Guo Guangchang, the so-called missing boss of China’s Fosun group, has reappeared four days after he went AWOL, vowing his corporation’s solid connections to China.
The world’s press instantly picked up on Guo’s return to corporate life, with US and UK papers saying he made no mention of the so-called corruption investigation that led to his detention at Shanghai airport last week.
But Portuguese newspapers are buzzing with stories, affirming that Guo’s business-plan appears to have changed in that notwithstanding all the major takeovers in Portugal this year, Fosun group’s focus will now return to China.
“In spite of investment around the world, Fosun’s growth is rooted in China,” Guo told the company’s annual internal conference. “The future structure of the group should be able to show the advantages of staying in China.”
On Friday, shares in Fosun International ceased trading after news that Guo had been detained saw them sink by as much as 13.5%.

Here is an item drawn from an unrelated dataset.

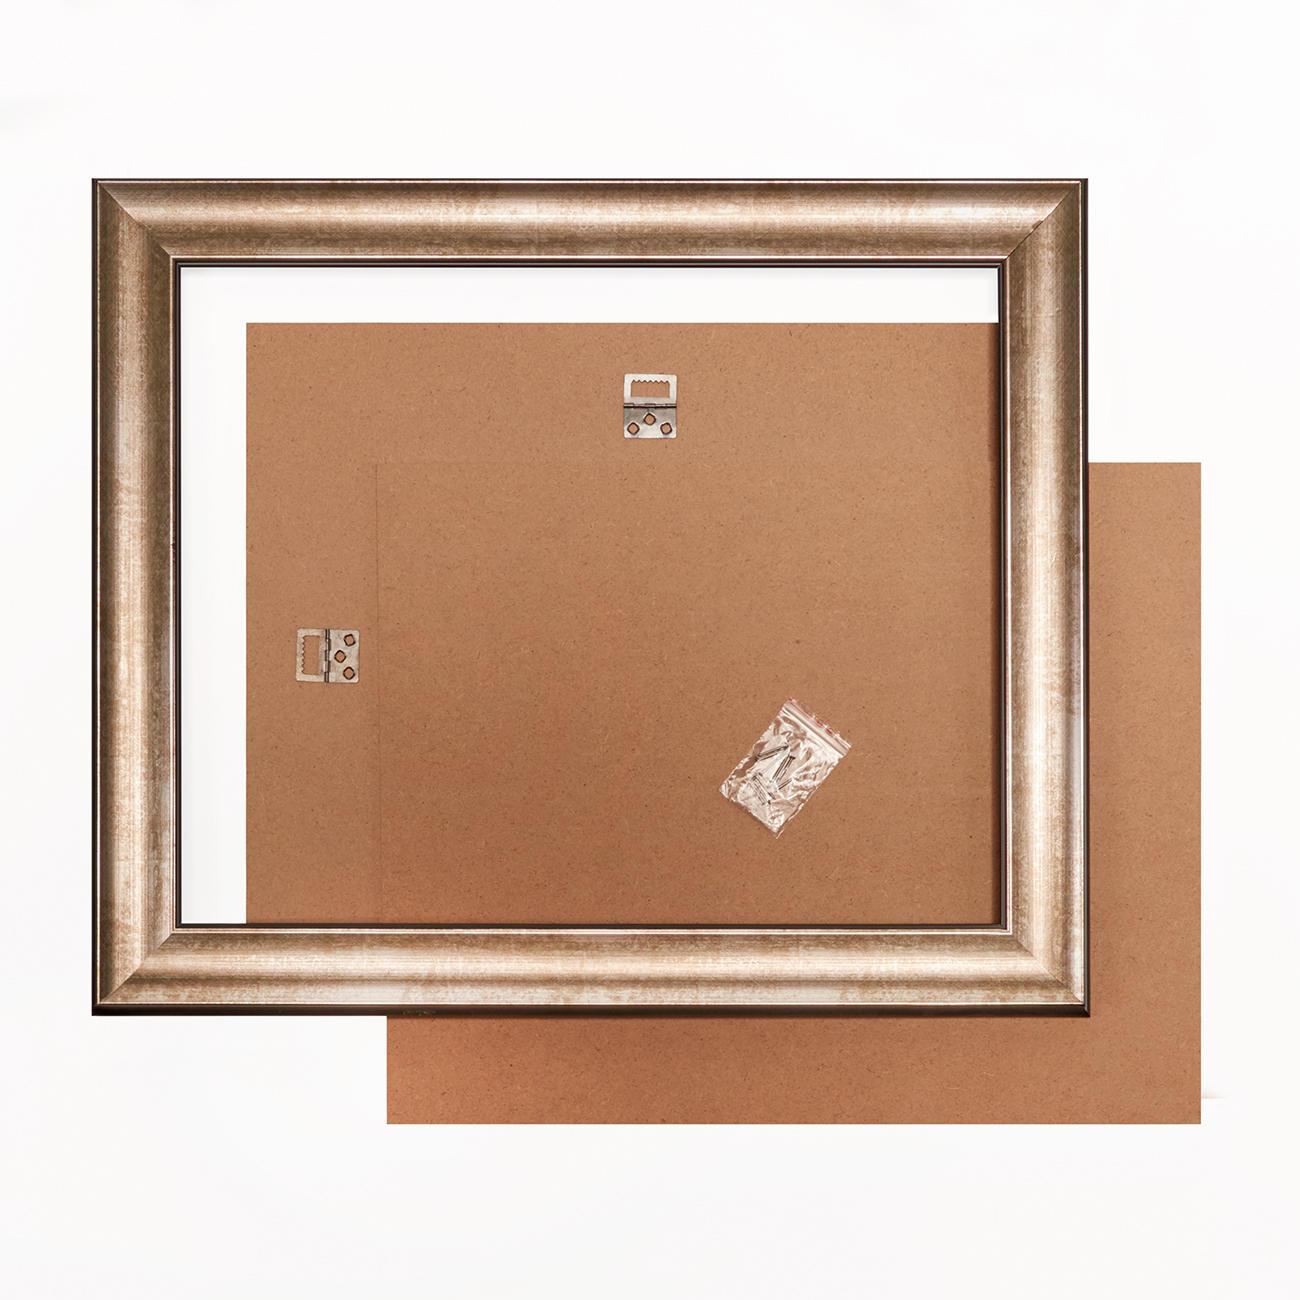 bilderrahmen dunkel silber verschiedene gr ssen. Black Bedroom Furniture Sets. Home Design Ideas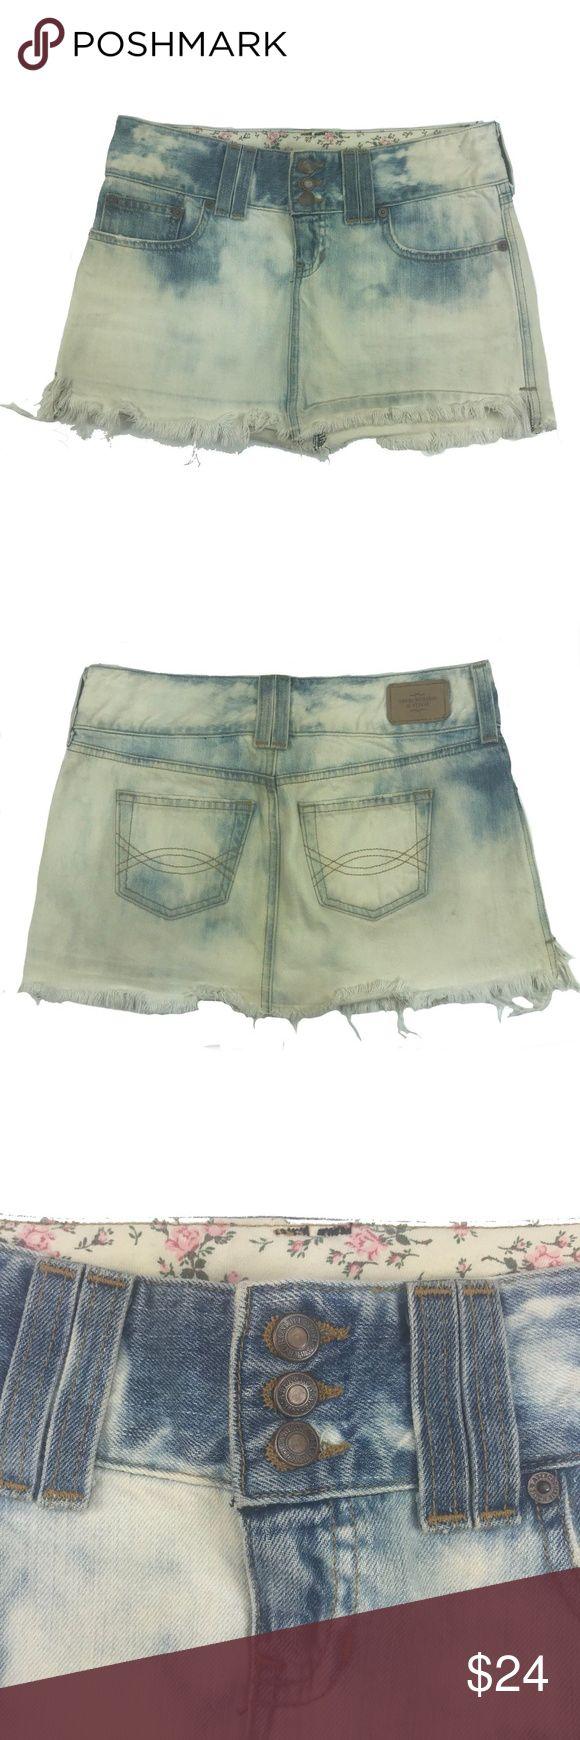 "Jean Skirt Womens 2 31"" Festival Denim Acid Wash Pre-owned condition.  MEASUREMENTS: Waist: 31"" Length: 12"" C Abercrombie & Fitch Skirts Pencil"

Trading however is back on today, and Guo’s appearance at the meeting is understood to have elicited an “extended period” of applause from Fosun employees.
The company has been on “buying spree” since 2014, taking over Portugal’s largest insurer Fidelidade, Espírito Santo Saúde (now rechristened Luz Saúde), buying a stake in REN and even bidding for ownership of trouble-torn Novo Banco.
Elsewhere, it scooped up French tourism operator Club Med, and purchased stakes in Cirque Soleil and Thomas Cook.
While no one seems any the wiser as to the stage of the investigation involving Guo, Fosun executives “have sought to reassure investors about the company’s position”, writes the FT, quoting company president Wang Qunbin saying: “So far the investigation is focusing more on the individual”.
“Fosun is not run by one person, but managed by a group of executives”, Wang added. “The banks have a good understanding about the events, and they will continue to support us”.